The persistent lung alterations caused by the 2019 coronavirus disease (COVID-19) due to severe disease are already common knowledge. This research aimed to identify potential contributors to interstitial lung disease among hospitalized patients with COVID-19 pneumonia. Retrospective studies were conducted on patients hospitalized with COVID-19 pneumonia between June 2020 and March 2021. Information such as smoking habits, co-existing conditions, results of reverse transcriptase polymerase chain reaction testing results, laboratory parameters at the time of diagnosis, oxygen support, corticosteroid use (including dosage and duration of use), and the need for intensive care unit care were documented.

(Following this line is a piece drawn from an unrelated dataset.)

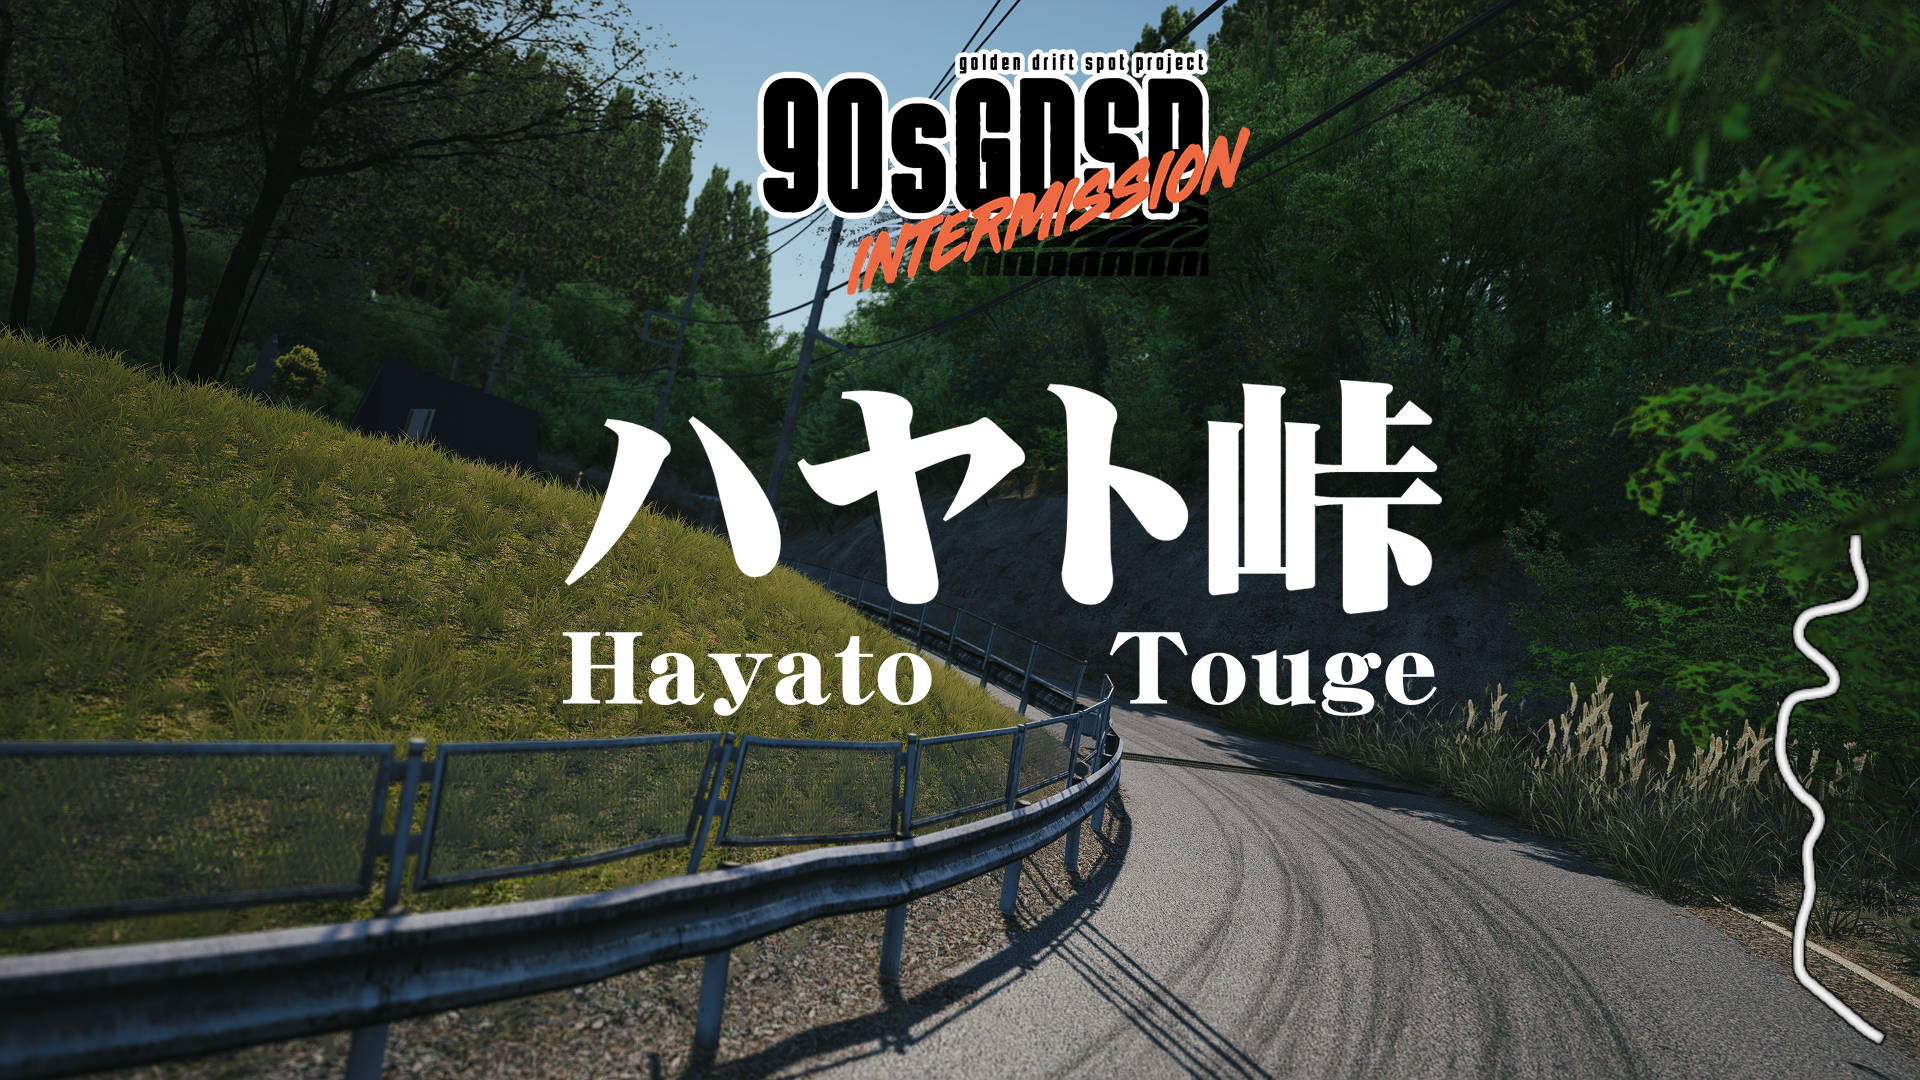 Hayato Touge

At their 3-6 month checkup, participants in the study had taken high-resolution computed tomography (HRCT) scans. If a follow-up HRCT showed parenchymal abnormalities other than pure ground-glass opacities, the patients were diagnosed with residual parenchymal lung disease (the residual disease group). Patients with normal chest radiographs or HRCTs at their follow-up appointments or with only pure ground-glass opacities served as a control group. Patients in 2 groups were compared across various variables, including demographics, aberrant laboratory results, diagnoses, and treatments administered in the intensive care unit (ICU). There were 446 participants in total. The distribution was clearly male at a mean ± SD of 58.4 ± 13.87 years, with 257 males (57.6%) making up the total. The HRCT findings in 55 of the individuals were normal, but 157 of the lung parenchyma were abnormal. Age, sex, corticosteroid medication, and ICU admission were all significant predictors of the development of interstitial lung disease in a univariate logistic regression analysis (P<.001, P=.003, P<.001, and P<.001, respectively). The residual disease group had significantly higher leukocyte and neutrophil counts and lower lymphocyte counts (P < .001, P < .001, P = .004, respectively). Correlated with these findings, neutrophil-to-lymphocyte ratios and platelet-to-lymphocyte ratios were significantly higher in the residual disease group (P < .001 and P = .008, respectively).

About 1/3rd of patients hospitalized with COVID-19 pneumonia had residual parenchymal illness 3 months after being released. Males of advanced age and those with more severe disease criteria were shown to be at increased risk for developing interstitial lung disease.